54th King George VI and Queen Elizabeth Stakes
- Location: Ascot Racecourse
- Date: 24 July 2004
- Winning horse: Doyen (IRE)
- Jockey: Frankie Dettori
- Trainer: Saeed bin Suroor (GB)
- Owner: Godolphin

= 2004 King George VI and Queen Elizabeth Stakes =

The 2004 King George VI and Queen Elizabeth Stakes was a horse race held at Ascot Racecourse on Saturday 24 July 2004. It was the 54th King George VI and Queen Elizabeth Stakes.
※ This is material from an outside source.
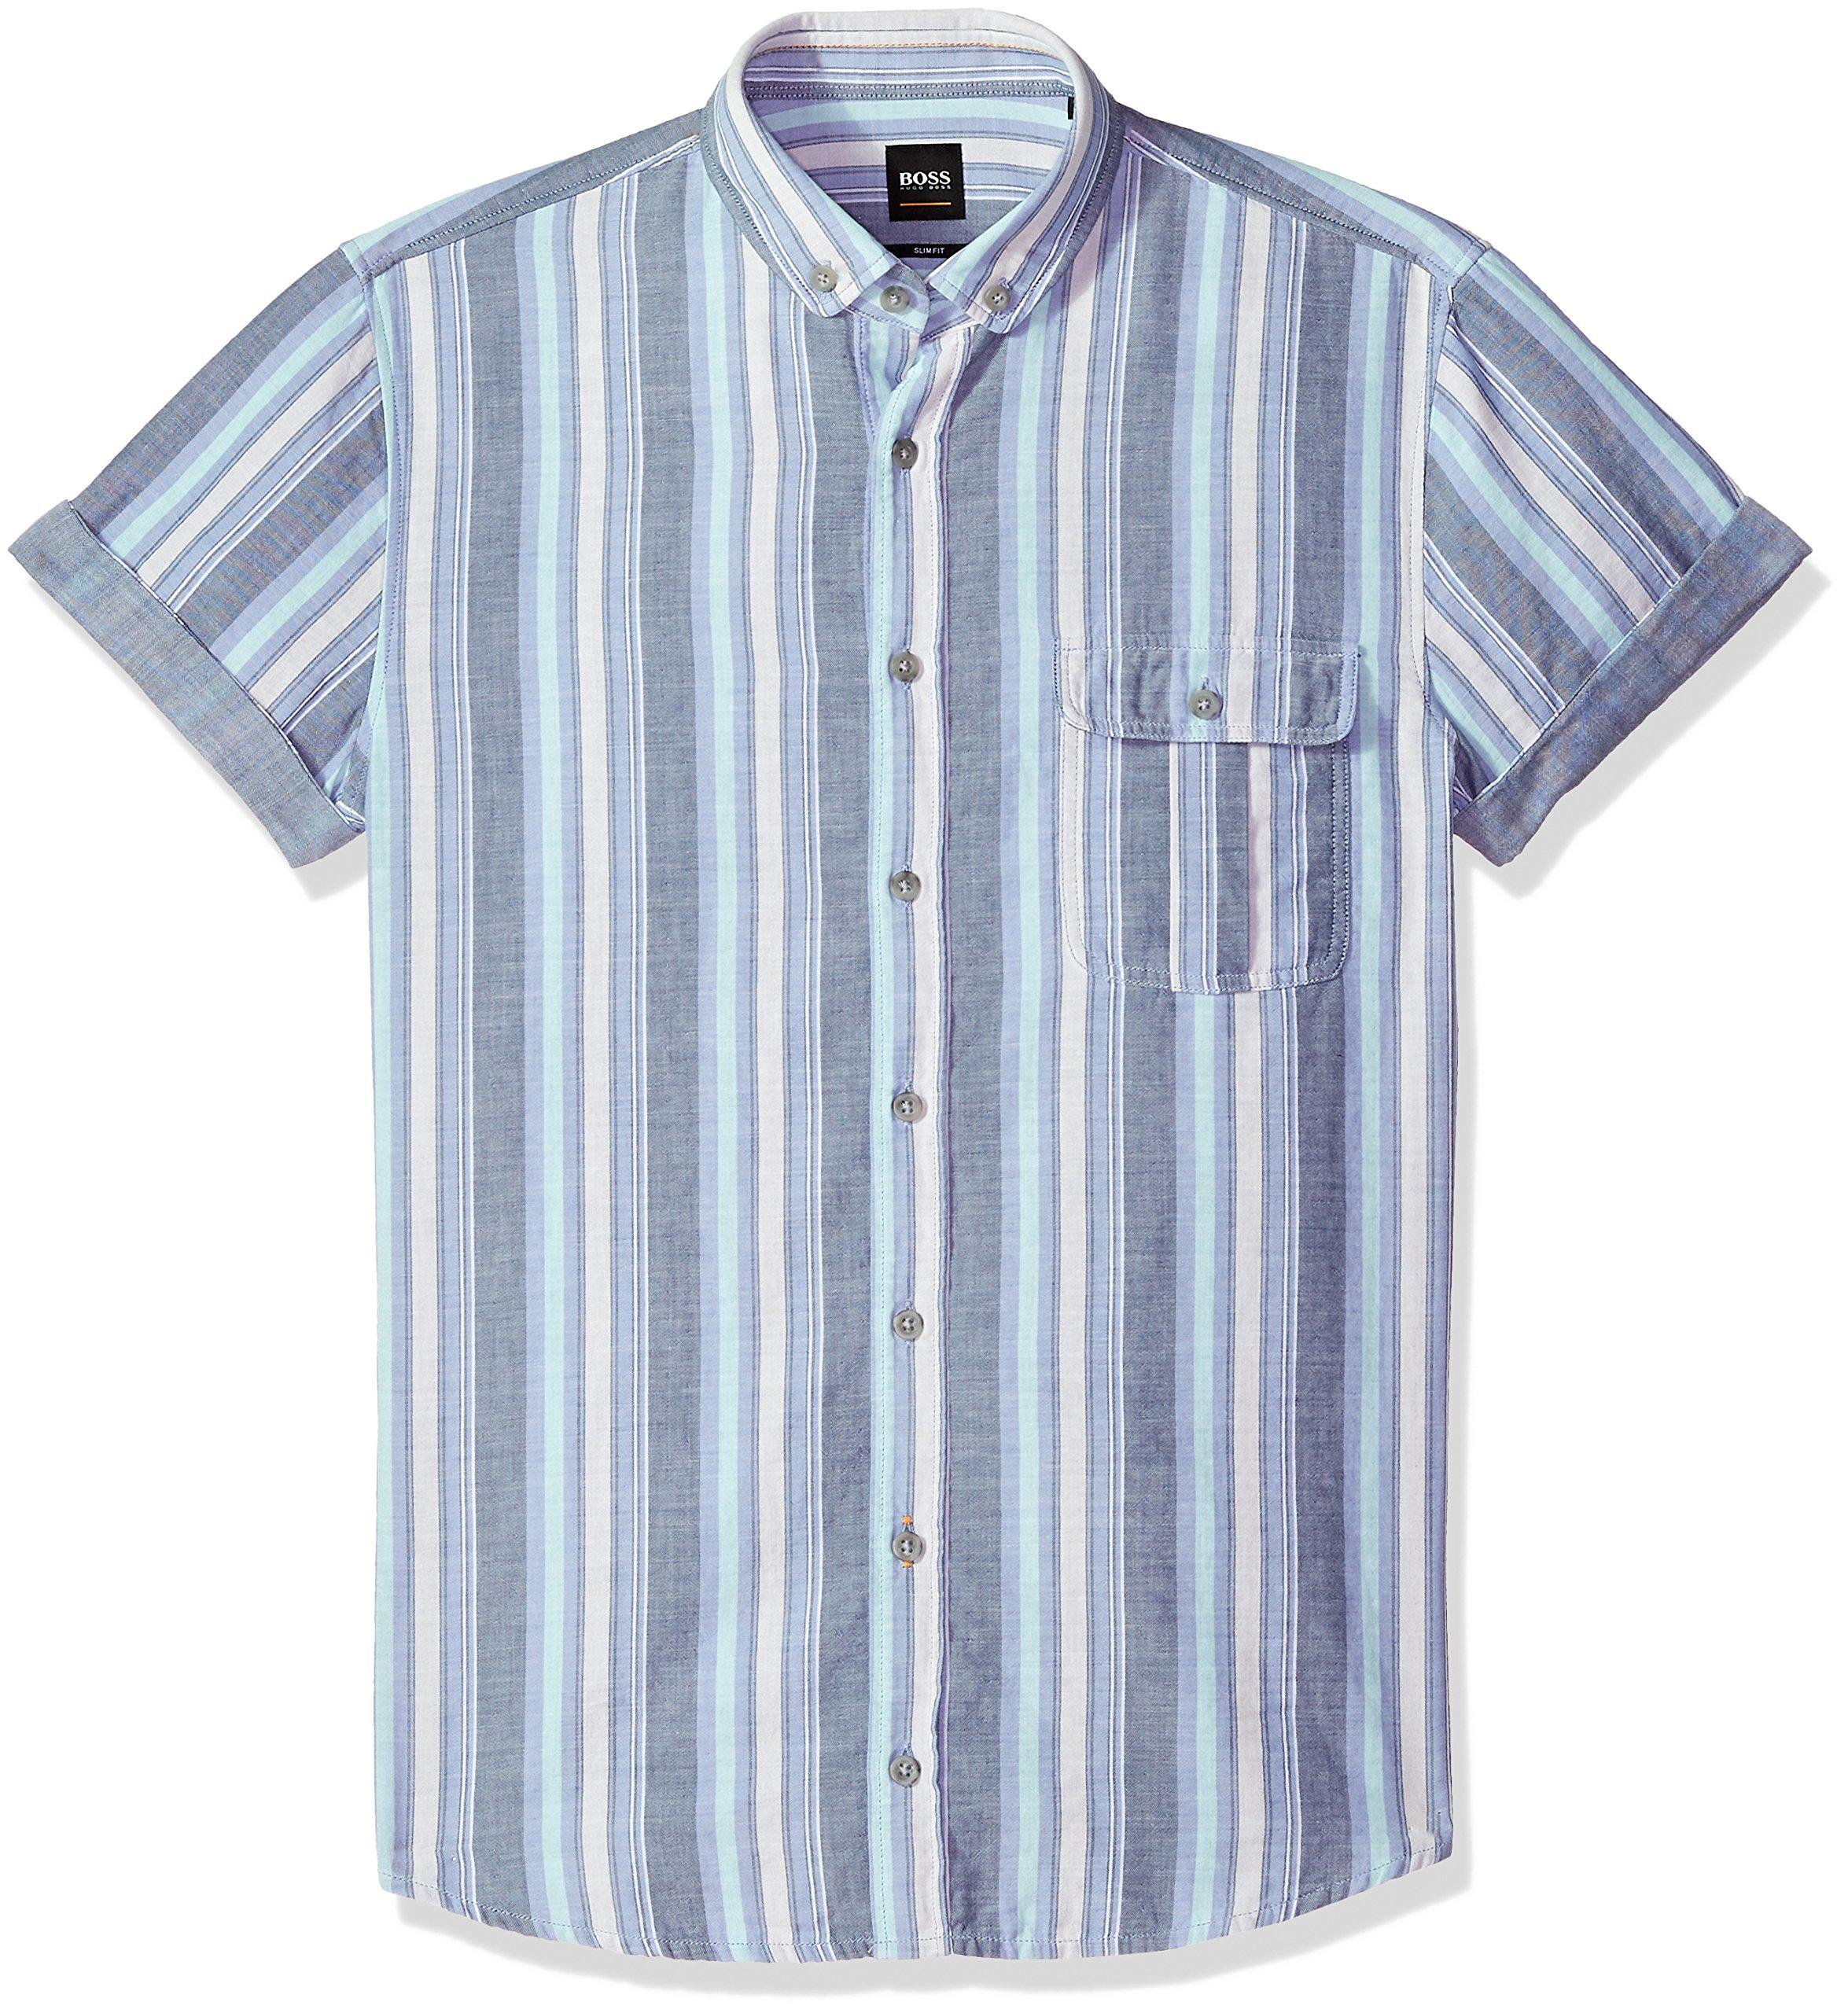 Hugo Boss Boss Orange Men's Striped Cotton Chambray Short Sleeve Woven, Blue, Medium

The winner was Godolphin's Doyen, a four-year-old bay colt trained at Newmarket, Suffolk by Saeed bin Suroor and ridden by Frankie Dettori. Doyen's victory was the fifth for bin Suroor after Lammtarra (1995), Swain (1997, 1998) and Daylami (1999), the fourth for Godolphin and the third for Dettori. In addition, Godolphin's leader Sheikh Mohammed, had won the race with Belmez (1990), Opera House (1993) and King's Theatre (1994).

==The race==
The race attracted a field of eleven runners from the United Kingdom, France, Ireland and the United States. Doyen, previously trained in France by André Fabre was made favourite after a six-length win in the Hardwicke Stakes at Royal Ascot in June, and was accompanied by his stable companion Lunar Sovereign, who ran as a pacemaker. The third Godolphin runner was Sulamani, the winner of the Prix du Jockey Club, Dubai Sheema Classic and Arlington Million. France was represented by the filly Vallee Enchantee, the winner of the Hong Kong Vase. The race also feature a rare North American challenger in the form of Hard Buck, a Brazilian-bred five-year-old whose wins included the Gulfstream Park Turf Handicap. The only three-year-old in the field was the Irish-trained Tycoon, who had finished third to Grey Swallow in the Irish Derby. The British runners included the Grand Prix de Saint-Cloud winner Gamut and Warrsan, who had defeated Doyen in the Coronation Cup. Doyen headed the betting at odds of 11/10 ahead of Vallee Enchantee (6/1), Warrsan (13/2) and Sulamani (7/1).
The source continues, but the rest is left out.